The text messages were obtained by the Post-Gazette, which also acquired a memo apparently written by Murphy’s chief of staff, Susan Mosychuk, describing an “ongoing and ever more pronounced pattern of sustained inappropriate behavior” by Murphy.

The memo accuses Murphy of berating his legislative director and other staff during a June visit to his Pennsylvania district. “You called many of the work products that he literally gave up his weekend to produce as ‘useless,’” the memo states. “You pushed other documents off the table onto the floor because they weren't what you wanted. Then you got angry and demanded we find the documents that you had just thrown on the ground.”

The memo also charges that during the same visit, Murphy drove erratically, texting, reading his iPad, and watching YouTube videos while behind the wheel.

Murphy has not responded to the Post-Gazette’s requests for comment on the text messages.
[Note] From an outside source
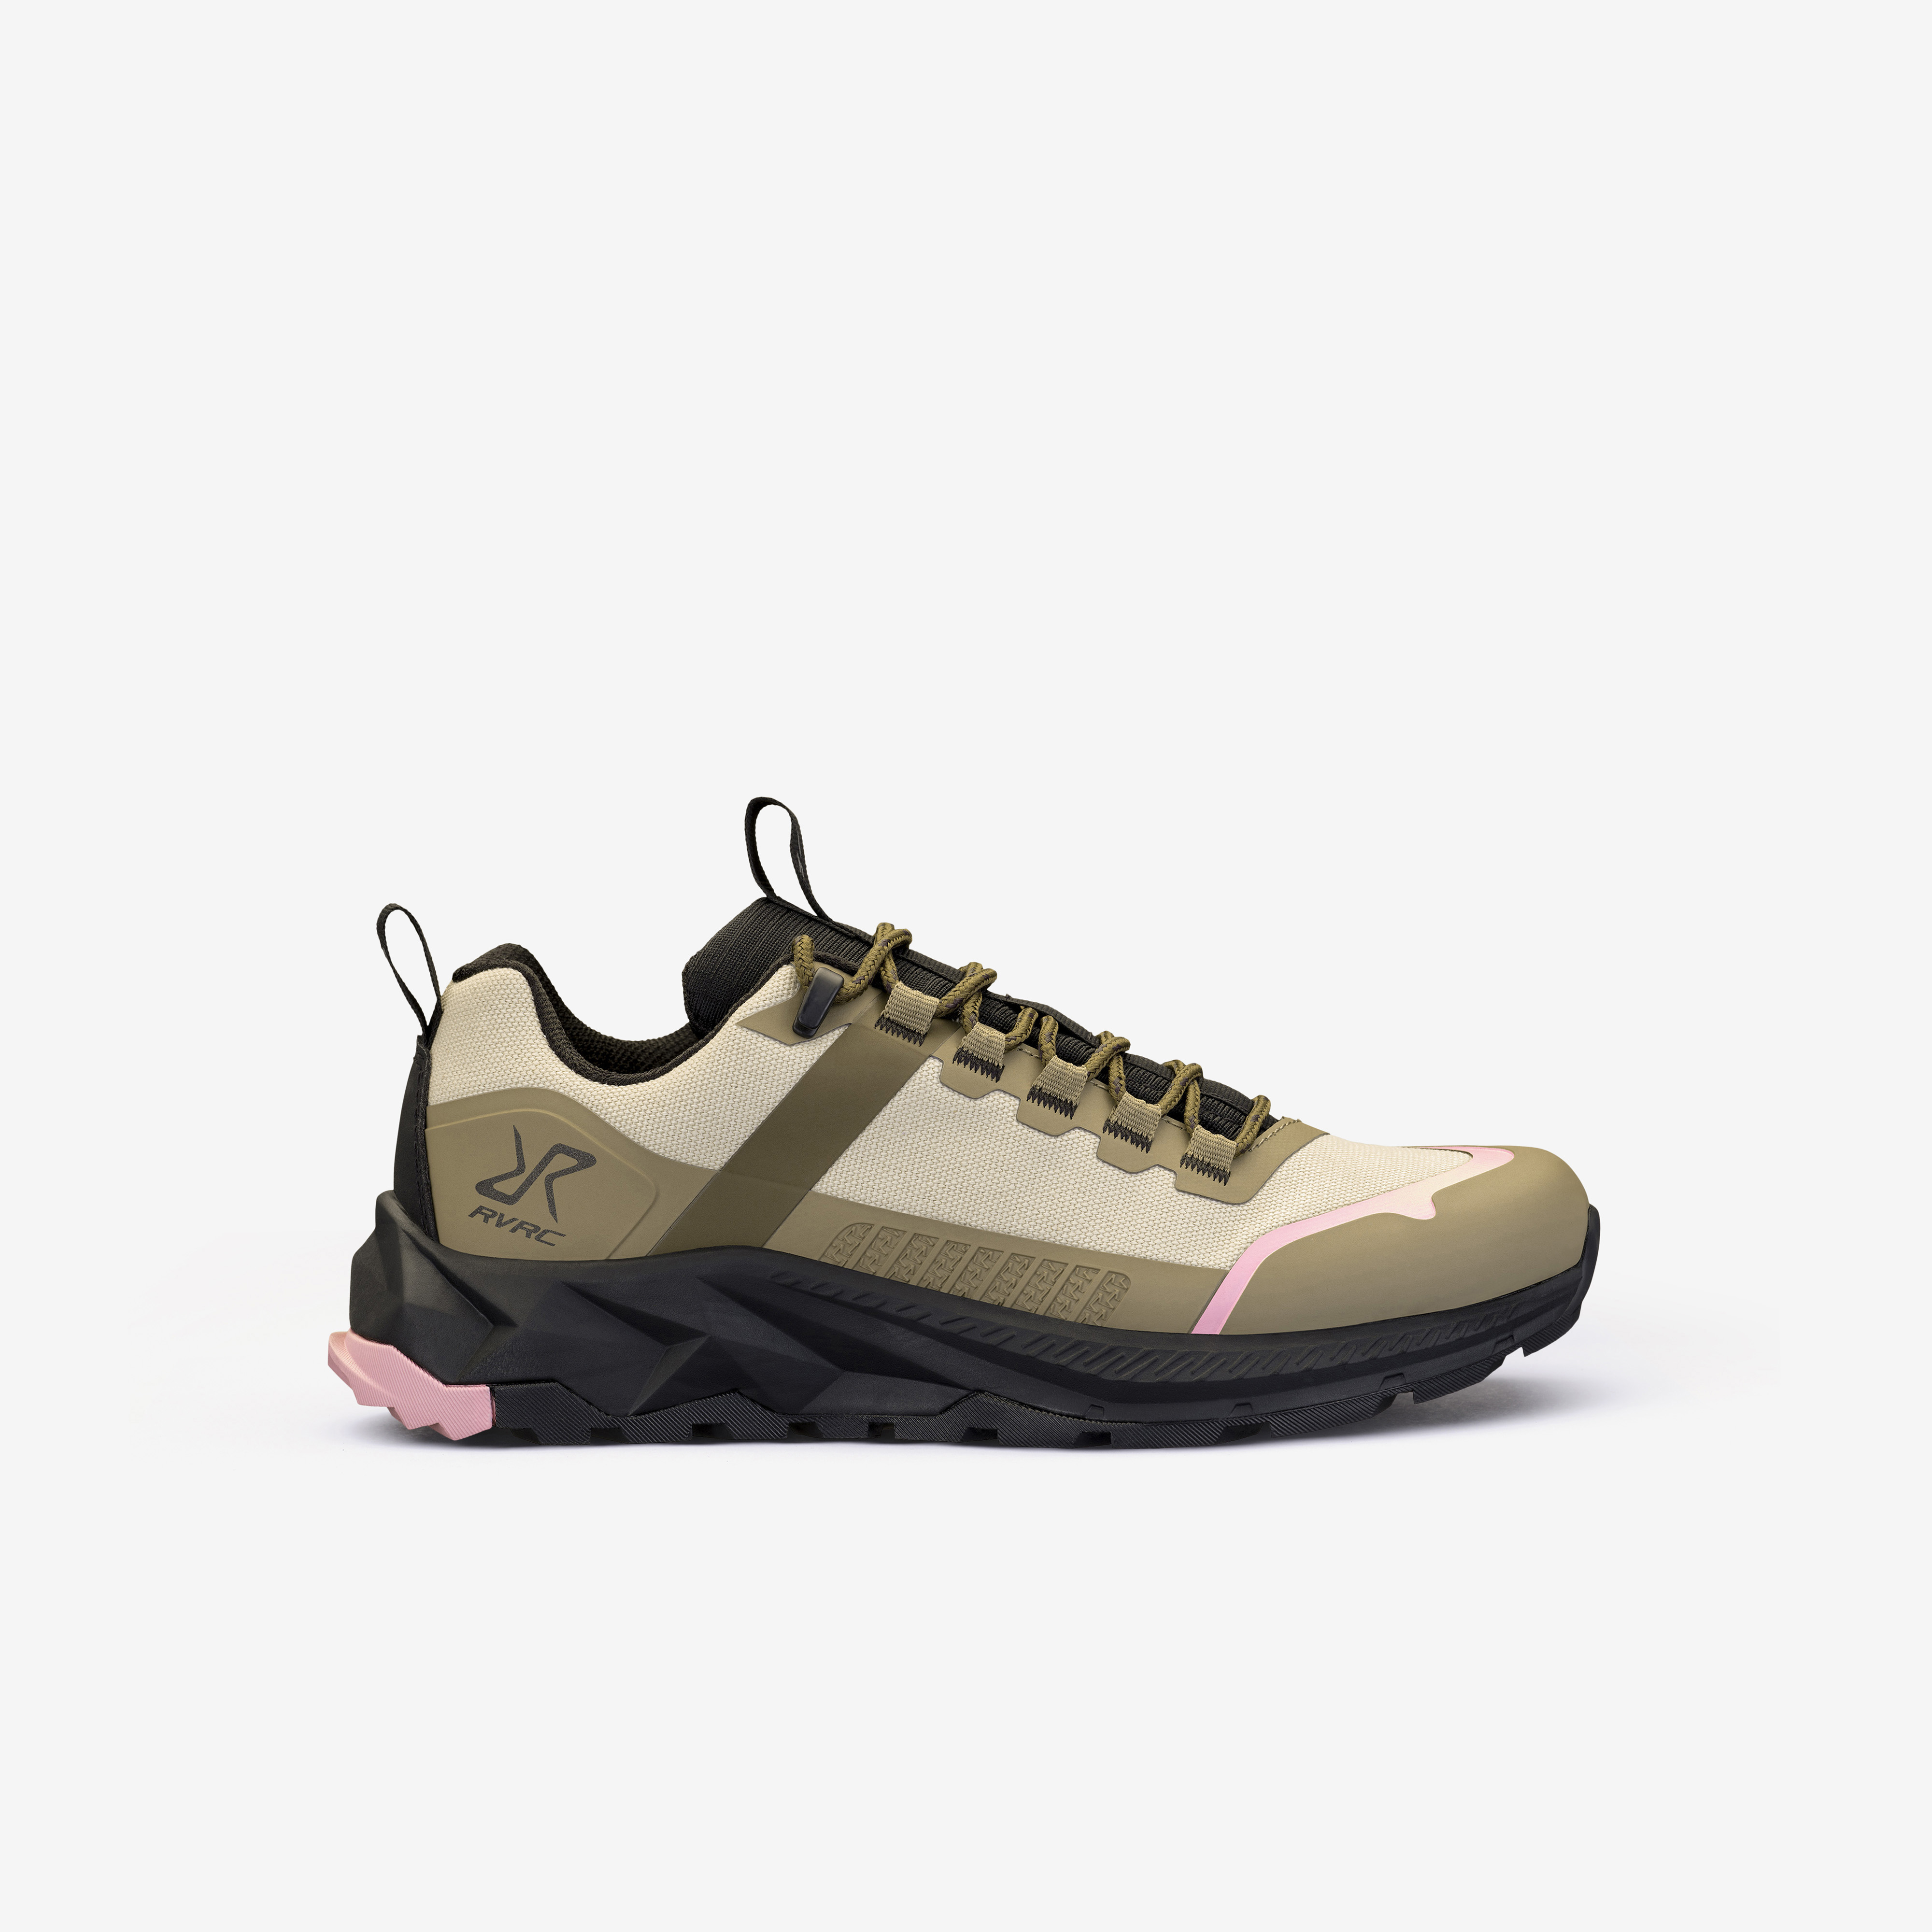 Phantom Trail Low Hiking Shoes – Dam – Rainy Black Storlek:38 – Skor

He has, however, admitted to a relationship with Edwards. Murphy, 64, met Edwards, a 32-year-old forensic psychologist, when she worked with him on a mental health bill passed last year, she told the Post-Gazette. She is in the process of a divorce; Murphy remains married.

Meanwhile, the Pain-Capable Unborn Child Protection Act, which bans abortions after 20 weeks nationwide except in cases of rape, incest, or a threat to the mother’s life, came up for a vote in the House on Tuesday. According to the Washington Examiner, Murphy voted for the bill, which passed in the House but is unlikely to pass in the Senate.

Murphy’s Facebook feed this year contains few mentions of abortion other than the post referenced in January. In that post, he praised President Trump’s reinstatement of the global gag rule and mentions his own sponsorship of a bill to prohibit the use of federal funds for abortion. “Passage of H.R. 7 in the wake of the President’s executive action gives me great hope that moving forward, we will once again be a nation committed to honoring life from the moment of conception and ensuring American taxpayer dollars are never spent to end a life before it even begins,” he wrote.

During Murphy’s 2012 campaign for reelection, his campaign issued a statement celebrating endorsements by anti-abortion groups. "I'm humbled and thankful to receive the endorsements of Pennsylvania's Pro-Life Federation and the National Right to Life PAC,” he said in the statement. “I am committed to upholding the sanctity of life, protecting the rights of the unborn and ensuring that federal tax revenues are never used to pay for abortions. Protecting life is a fundamental core value which I will champion in Congress 100% of the time."